Problem details
Wherever a picture appears, skip it and retype the rest of the data exactly.

Available data
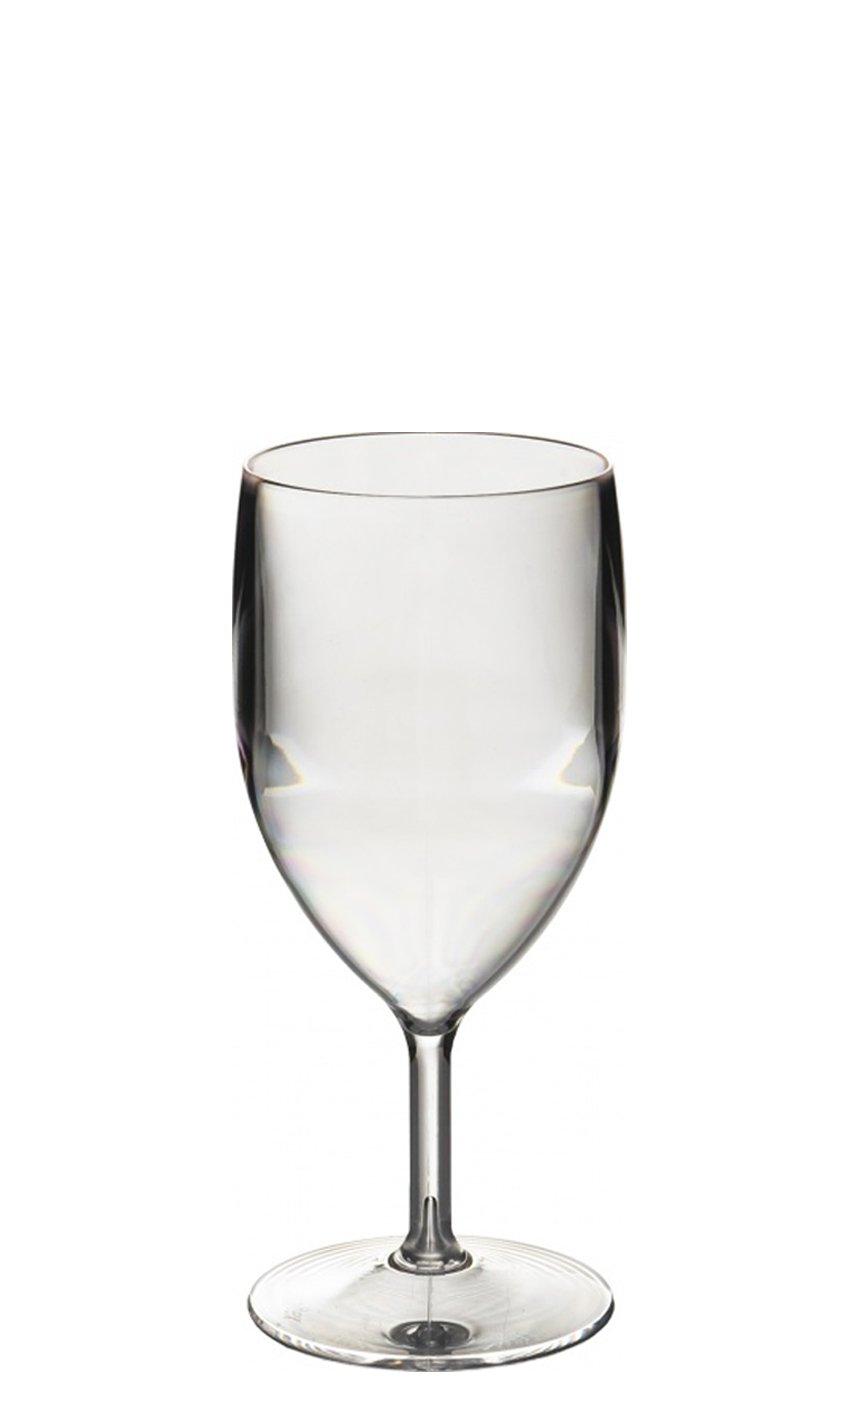 bicchieri da vino grandi in policarbonato Set da 6 Bicchieri riutilizzabili 315 ml altezza del bordo 16,1 cm diametro massimo 7,7 cm Virtually Glass
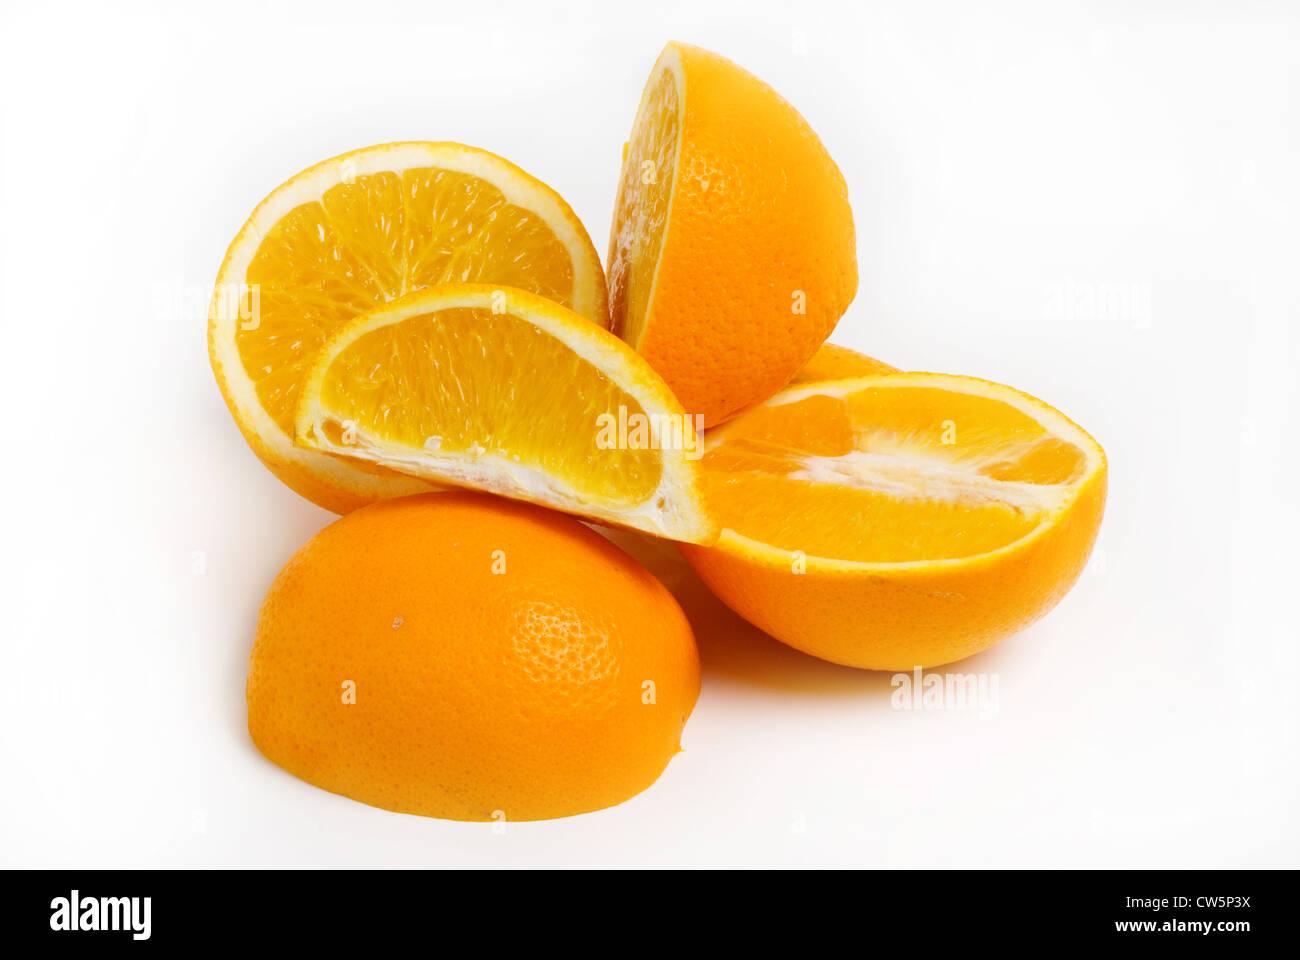 Oranges sliced on white background - Stock Image
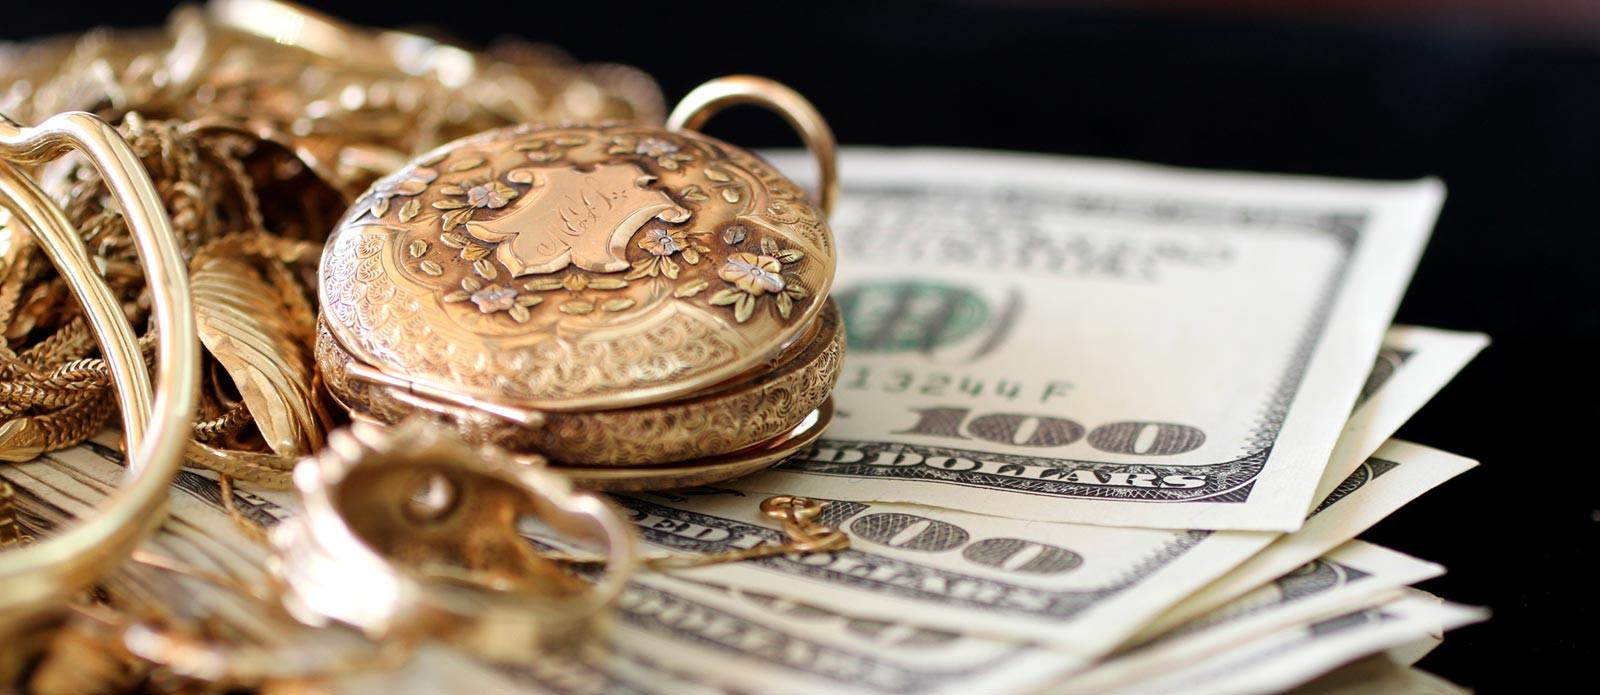 Деньги и драгоценности на хранение

Solution
 bicchieri da vino grandi in policarbonato Set da 6 Bicchieri riutilizzabili 315 ml altezza del bordo 16,1 cm diametro massimo 7,7 cm Virtually Glass
 Oranges sliced on white background - Stock Image
 Деньги и драгоценности на хранение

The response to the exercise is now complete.